I'm not even going to go through why this was just utter boring exposition dumping from start to finish. Mass effect story that went nowhere, Borg and 7 totally wasted and nurfed, bloody Agnes I can not stand and her stupid love interest, oh and seems to have got away with outright murder but hey everyone is cool with that. 7 and Raffi now are Lesbian...wait what...
Their were plot holes big enough to fly an armada of Borg Cubes through, no action cop-out battle scenes especially at the end, Picard dies but cop-out doesn't, I could go on and on but the rub is
"Star Trek Cop-Out"
was just painful to grind through and ultimately I waste of my time and I had such high hopes for it to, especially being a long time Trekki but for 95 percent of this terribly put together show I was plain a simply Bord.
X FINAL THOUGHT:
When you have the Masterpiece that is
STAR TREK DISCOVERY
spending over a million dollars per episode and it shows, Star Trek Picard is literally a poor man's Trek
And The ONE Thing I am so happy about is I get now get back to proper Trek, the absolute best Trek ever created which is
STAR TREK DISCOVERY
Because star trek Picard was just bad I mean really bad and just like this show I've ended this long drawn-out series of comments the exact same way I started.
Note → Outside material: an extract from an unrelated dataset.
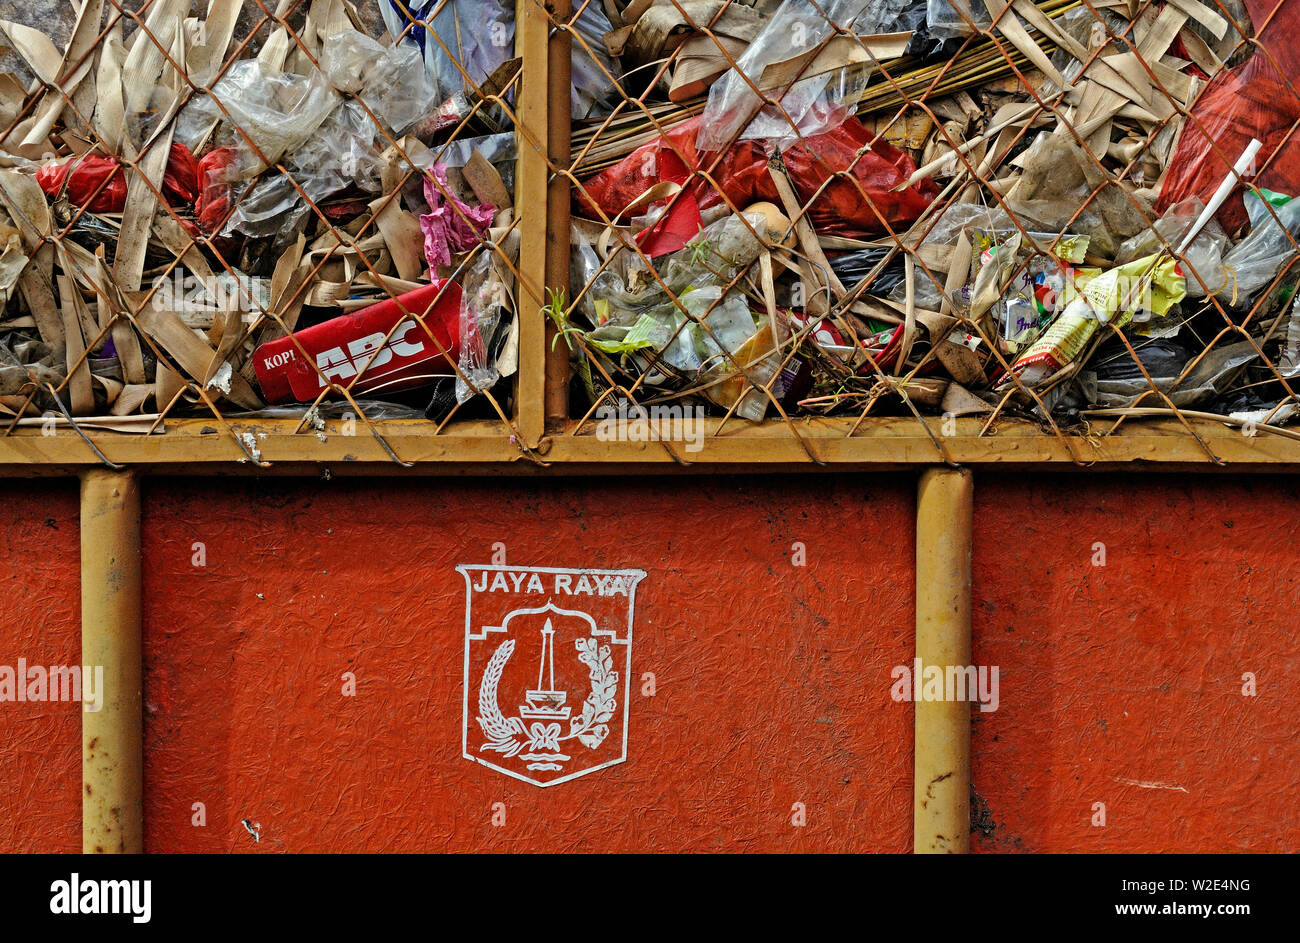 Jakarta, dki Jakarta/Indonesien - Mai 17, 2010: Abfälle in einer kommunalen Müllwagen in menteng Wohngegend Stockfoto

I guess you could call that
"The Picard Manoeuvre"
Review by Andrew BloomVIP 9BlockedParentSpoilers2020-03-26T17:04:36Z— updated 2020-03-27T20:53:21Z
[6.0/10] Oh man, what a crock this is. It is so full of cheats and shortcuts and self contradictions that it's hard to take any of it seriously. Suddenly, we've pivoted to the prospect of mortality and self-sacrifice as the most important theme of the season, despite the fact that those have been, at best, tangential to the ideas the show was exploring up until...last week.
And it's totally contradicted by what the episode actually does! Picard trying to "give his life" to prove to Soji that organics is good would have more weight if we hadn't seen him jump into death-defying situations throughout the season. What makes this one any different? And when he "dies", it's not because the Romulans blast him or really anything to do with his grand stand. His brain abnormality just acts up when it's dramatically convenient, with no apparent connection to his attempt at self sacrifice.
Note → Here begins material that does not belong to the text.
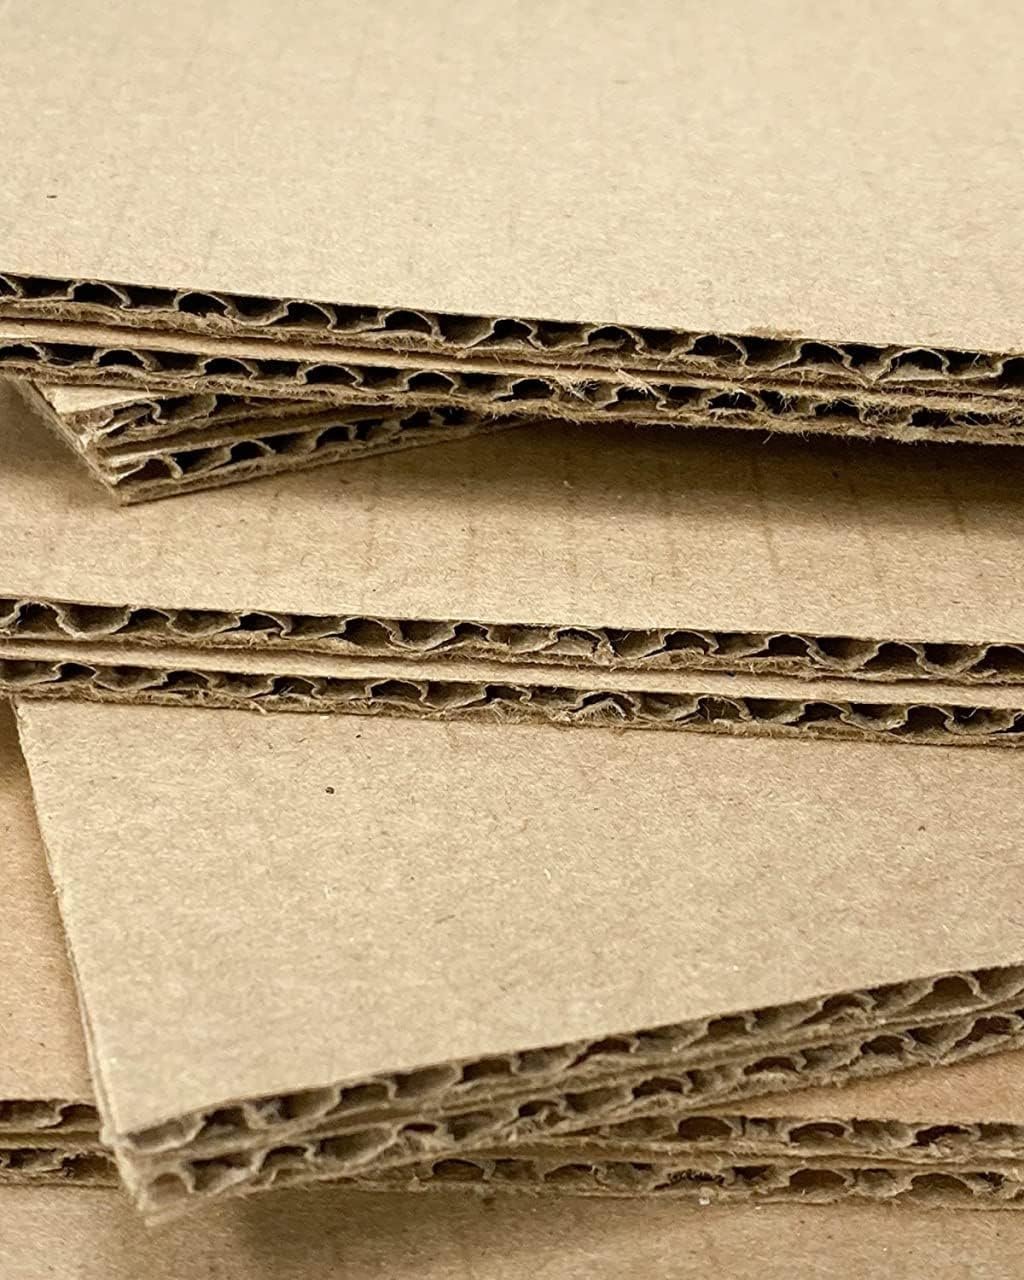 48 x 60 Extra Large Corrugated Cardboard Sheets (32 ECT) - 5

Then the episode just wipes away that sacrifice anyway! I can't tell you what a cheat it feels like to have Picard die, learn a very important lesson about the beauty of life coming from the fact that it's finite, only for him to then immediately cheat death! Then the whole bending over backwards to try to explain that even though he has an android body now, he'll age normally feels contrived and bullshit as hell. It's a dumb plot choice that immediately contradicts the episodes laudable themes about accepting mortality as something inherently human.
It's not all bad. As deus ex machina as Riker's arrival, it's still a cool moment. As weird as Data looks in the "quantum simulation" (oh brother), his death and appreciation for Picard's love is moving. And even if Jurati feels like she's from a different show, her quips and jibes got a chuckle out of me.
Everything in this finale is just so rushed and glancing and ultimately unsatisfying. There's some good ideas here, but they're all shortchanged for a meditation on death that feels out of step with the show's ideas to this point, and a bunch of easy plot fixes and character relationships that haven't actually been developed.
On the whole, this season was a real missed opportunity. Assembling this kind of talent and deploying it only for this wobbly mess of a season is a big shame. I'm a sucker, so I'll be back for season 2, and I hope they'll work out the kinks But after this, I'm not terribly optimistic.